The Sugarille growing site was already devoted to the cultivation of grapes for wine by the mid-16th century (1541). The name Sugarille (SOO-gah-REEL-leh) is derived from the Latin suber (sughero in Italian), meaning cork oak, possibly because cork trees were found there. Here, in the estate’s top growing site, white rocky soils (poor in nutrients and rich in calcareous clay), excellent drainage, south-western exposure, and ventilation arriving from the Tyrrhenian sea to the west create the ideal conditions for a long-lived, structured expression of Sangiovese Grosso.
The winery uses 100% Sangiovese Grosso grape variety to make this wine.

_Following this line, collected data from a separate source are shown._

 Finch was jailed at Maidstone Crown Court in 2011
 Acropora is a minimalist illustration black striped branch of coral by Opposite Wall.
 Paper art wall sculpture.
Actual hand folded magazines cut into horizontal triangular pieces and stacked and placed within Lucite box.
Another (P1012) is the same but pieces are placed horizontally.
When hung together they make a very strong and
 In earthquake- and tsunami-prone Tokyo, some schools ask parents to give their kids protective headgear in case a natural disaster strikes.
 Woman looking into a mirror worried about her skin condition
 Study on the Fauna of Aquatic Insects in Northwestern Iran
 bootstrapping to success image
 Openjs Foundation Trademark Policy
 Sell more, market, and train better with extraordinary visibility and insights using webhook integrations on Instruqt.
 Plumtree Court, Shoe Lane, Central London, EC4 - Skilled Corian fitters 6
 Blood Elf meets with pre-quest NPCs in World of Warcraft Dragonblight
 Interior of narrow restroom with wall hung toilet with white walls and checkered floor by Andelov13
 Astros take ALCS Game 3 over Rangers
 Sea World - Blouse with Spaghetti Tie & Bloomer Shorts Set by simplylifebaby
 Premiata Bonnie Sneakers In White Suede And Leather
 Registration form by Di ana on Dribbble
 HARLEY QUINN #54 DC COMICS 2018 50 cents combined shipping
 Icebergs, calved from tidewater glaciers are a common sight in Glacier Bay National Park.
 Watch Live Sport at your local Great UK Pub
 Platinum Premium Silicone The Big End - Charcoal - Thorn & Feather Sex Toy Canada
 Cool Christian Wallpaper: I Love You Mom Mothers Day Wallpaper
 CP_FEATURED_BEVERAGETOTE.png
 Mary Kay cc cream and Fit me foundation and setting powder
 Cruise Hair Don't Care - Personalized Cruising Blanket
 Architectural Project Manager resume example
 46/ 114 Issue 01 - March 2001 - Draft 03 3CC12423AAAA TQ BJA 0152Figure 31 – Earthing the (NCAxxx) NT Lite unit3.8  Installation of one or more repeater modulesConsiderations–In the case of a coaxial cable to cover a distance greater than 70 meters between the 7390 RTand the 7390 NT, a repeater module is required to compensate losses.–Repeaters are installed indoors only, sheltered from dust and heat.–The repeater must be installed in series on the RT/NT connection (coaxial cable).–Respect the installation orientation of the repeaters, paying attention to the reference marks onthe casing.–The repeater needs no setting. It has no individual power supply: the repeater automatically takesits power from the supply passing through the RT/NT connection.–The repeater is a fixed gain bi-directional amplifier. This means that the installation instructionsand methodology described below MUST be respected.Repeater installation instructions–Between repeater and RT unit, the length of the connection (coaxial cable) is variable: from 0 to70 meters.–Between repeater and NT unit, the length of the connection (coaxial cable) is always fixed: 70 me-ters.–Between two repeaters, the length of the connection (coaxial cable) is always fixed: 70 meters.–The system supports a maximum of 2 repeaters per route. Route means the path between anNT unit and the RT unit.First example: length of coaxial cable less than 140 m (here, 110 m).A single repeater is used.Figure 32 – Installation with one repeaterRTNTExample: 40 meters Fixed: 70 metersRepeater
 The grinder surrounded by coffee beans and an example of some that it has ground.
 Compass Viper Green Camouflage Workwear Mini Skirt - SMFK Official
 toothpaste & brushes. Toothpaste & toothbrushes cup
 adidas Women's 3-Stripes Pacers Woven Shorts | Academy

The fermentation process took place in stainless steel vats and the wine is aged in barrique for twelve months (first-, second-, and third- passage casks), and another 12 months in botti (large thirty-year-old casks)
The 2007 Brunello di Montalcino Sugarille is dazzling. Bright, deep red. Higher-toned and more floral on the nose than the Rennina, showing pungent red cherry, marzipan, gingerbread and Asian spice aromas. Dark fruit, tar, licorice and smoke come to life in this dramatic, large-scaled Brunello. Balanced and delicious. Bold and elegant at the same time.
Finishes with very sweet, lush tannins and excellent structure and nerve for a graceful evolution in bottle. This wine will be delicious in a few years but it will continue to develop in complexity for at least 25 years.